[파이썬] Scrapy 리다이렉션 처리

Scrapy is a powerful web scraping framework for Python. It enables developers to easily extract data from websites by leveraging its built-in functionalities. One important aspect of web scraping is handling redirects, which allows you to efficiently navigate through websites that use redirections.

In this blog post, we’ll explore how to handle redirects in Scrapy using Python. We’ll cover different scenarios and provide code examples to demonstrate the implementation.

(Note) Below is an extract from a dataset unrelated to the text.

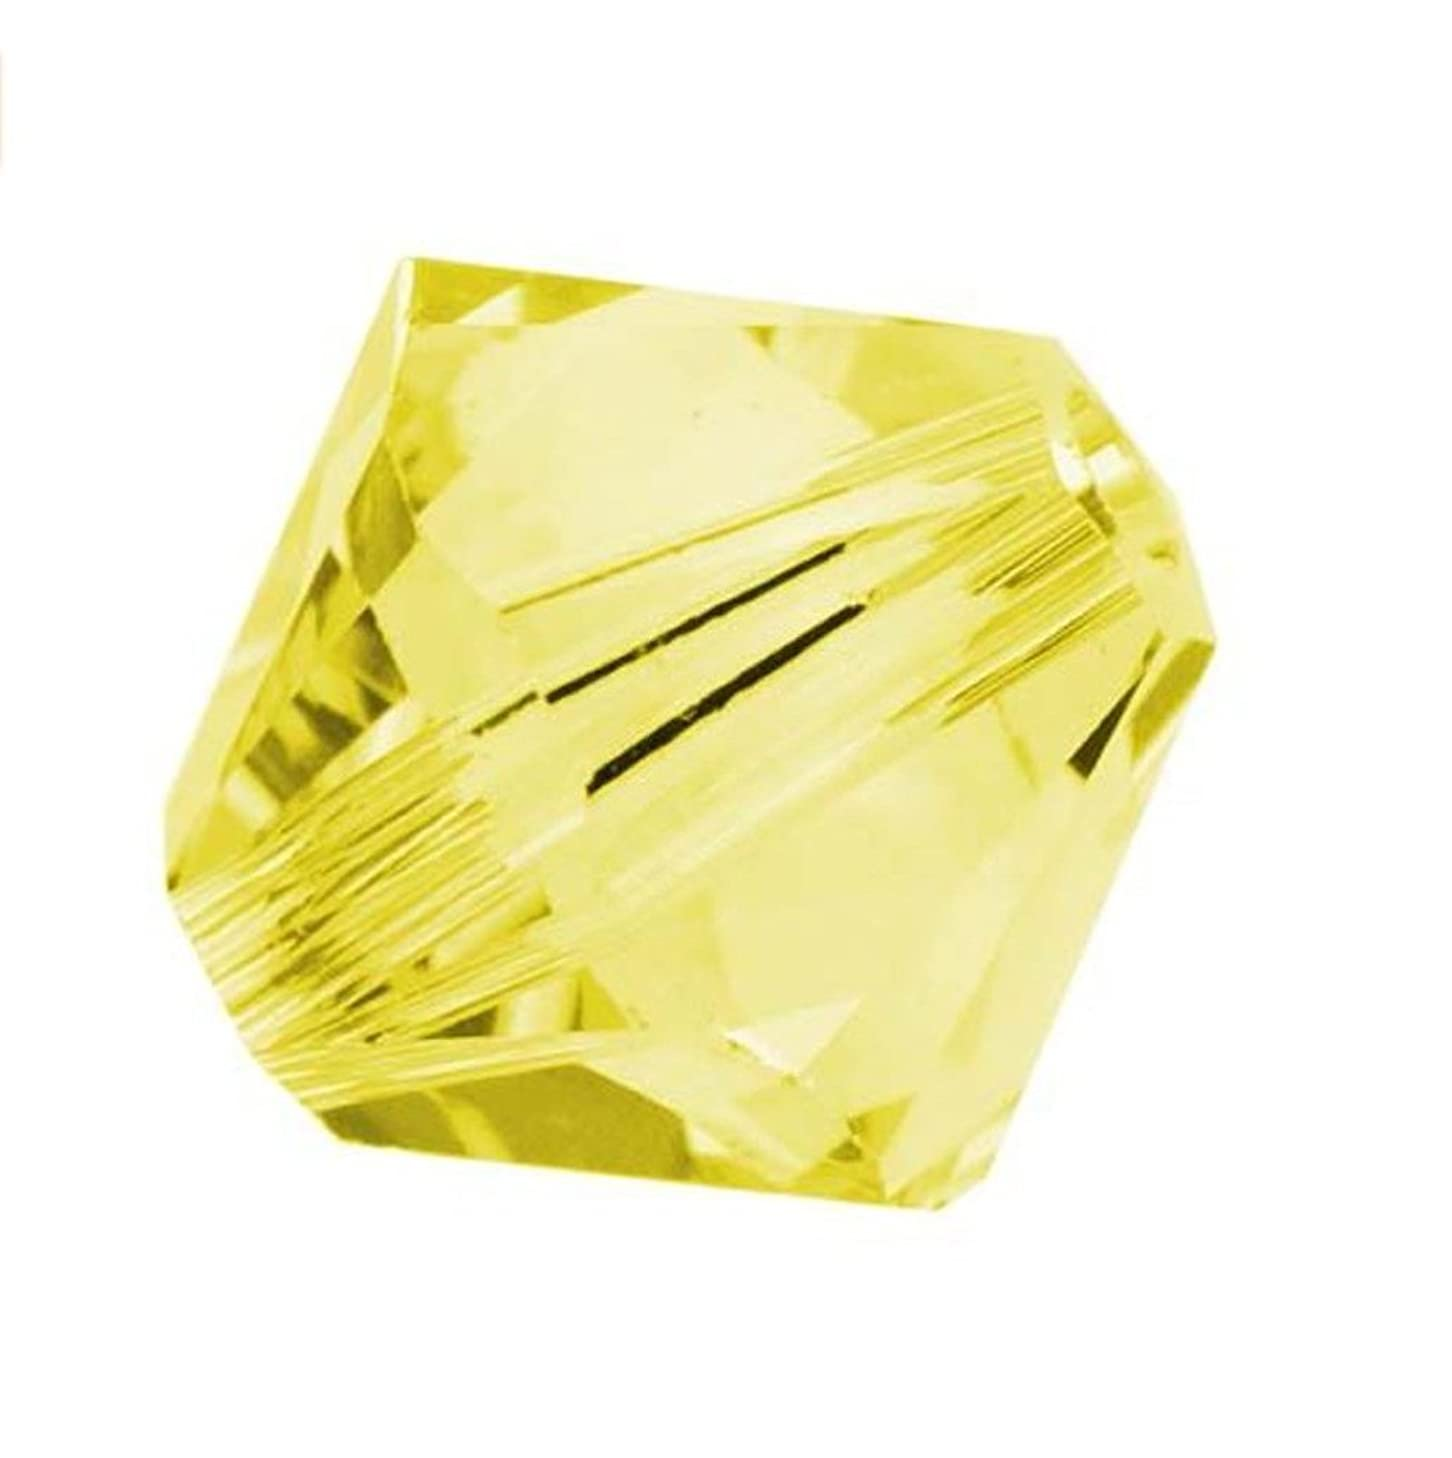 50pcs Genuine Preciosa Bicone Crystal Beads 6mm Citrine Alternatives For Swarovski #5301/5328 #preb629
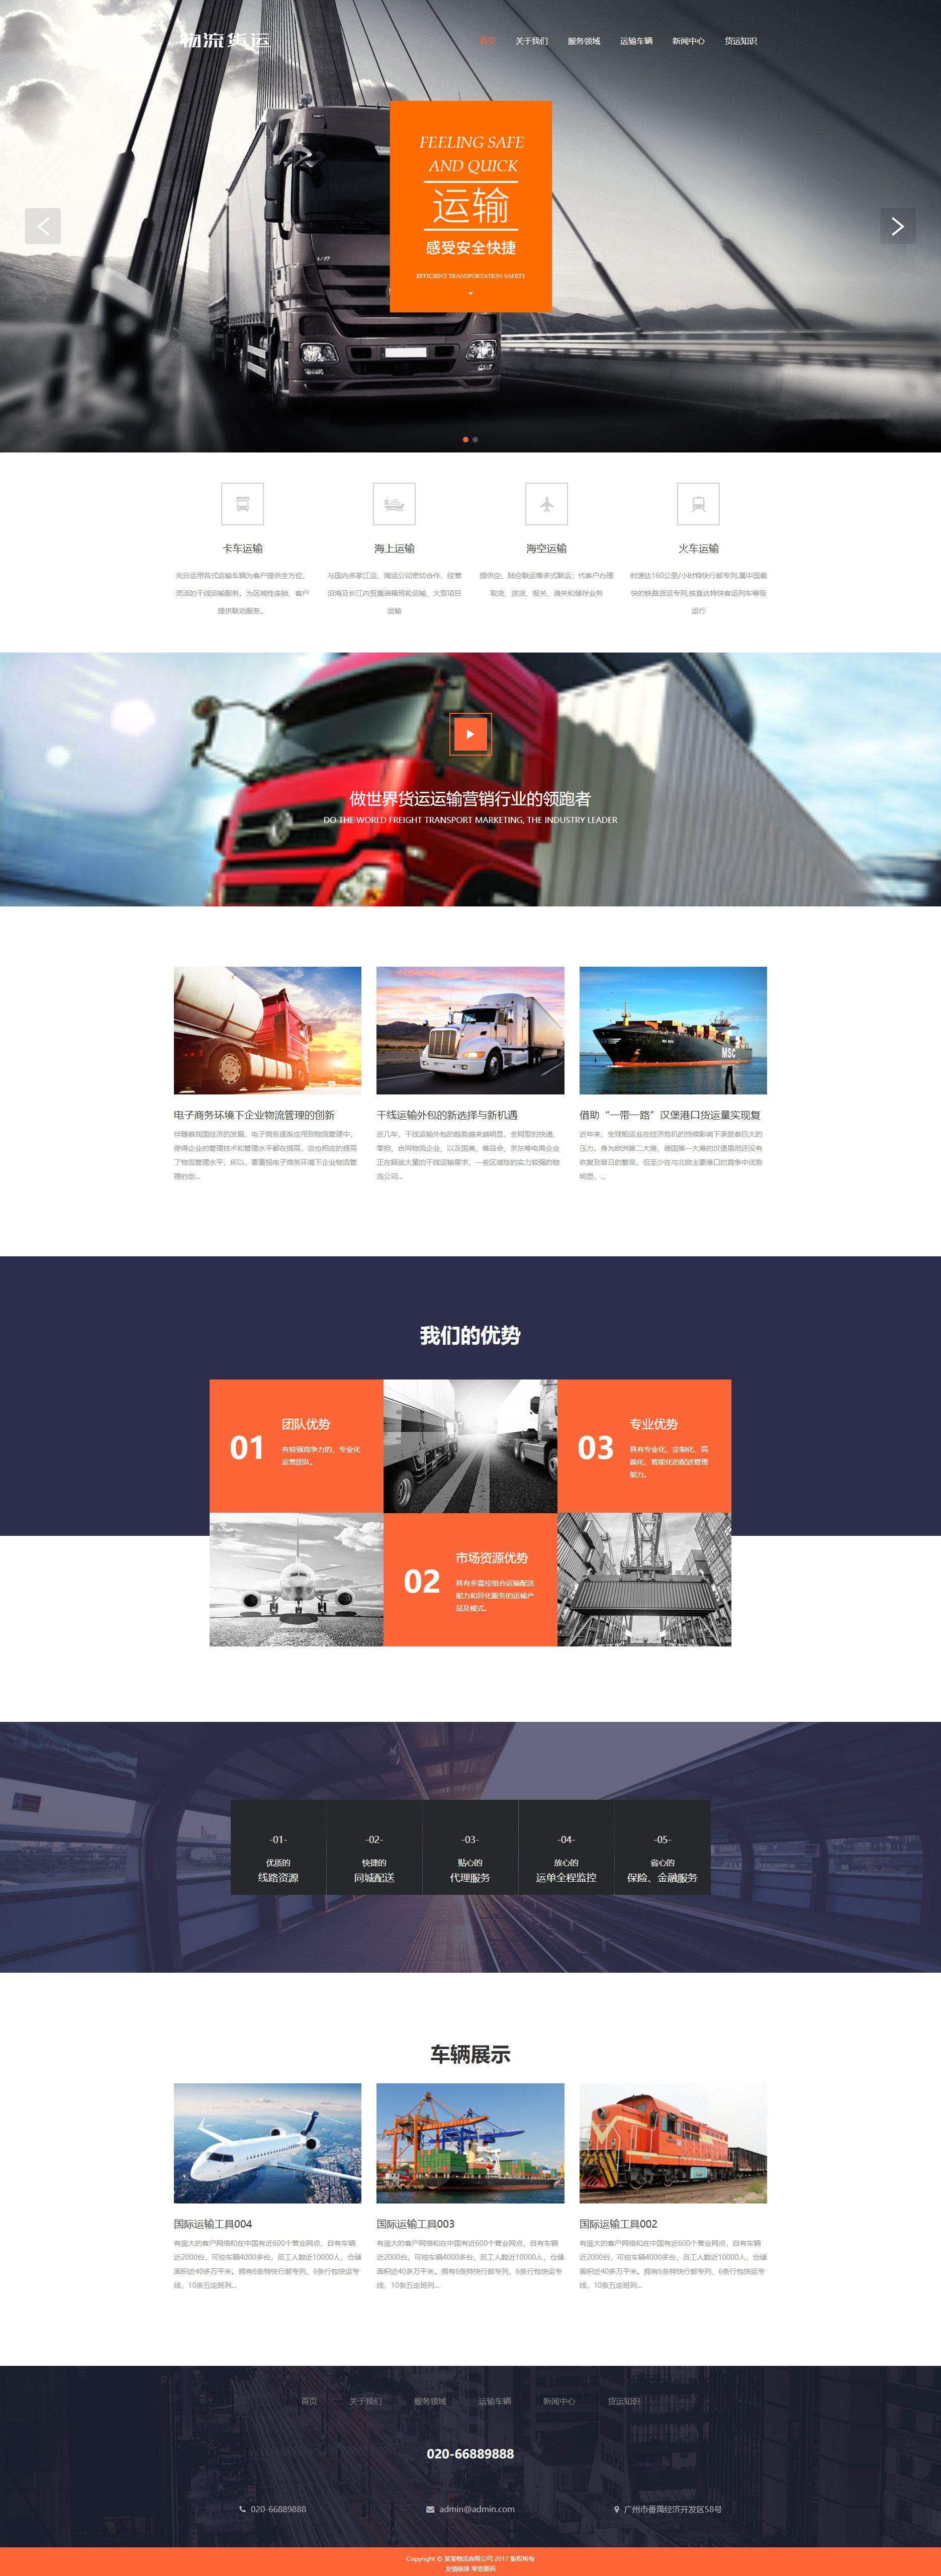 响应式海运空运国际货运物流网站织梦dedecms模板(自适应手机端)

Scenario 1: Following redirects automatically

Scrapy provides a built-in mechanism to automatically follow redirects when making requests. This can be achieved by setting the REDIRECT_ENABLED configuration option to True. By default, it is already enabled, so you don’t need to make any additional changes.

# settings.py

REDIRECT_ENABLED = True

With this setting enabled, Scrapy will automatically follow redirects and return the response from the final redirected URL. This greatly simplifies the code and allows you to focus on the scraping logic instead of handling redirects manually.

Scenario 2: Custom redirect handling

In some cases, you may want to handle redirects manually instead of relying on Scrapy’s automatic redirection handling. This could be useful for scenarios where you need to perform additional operations before following the redirect.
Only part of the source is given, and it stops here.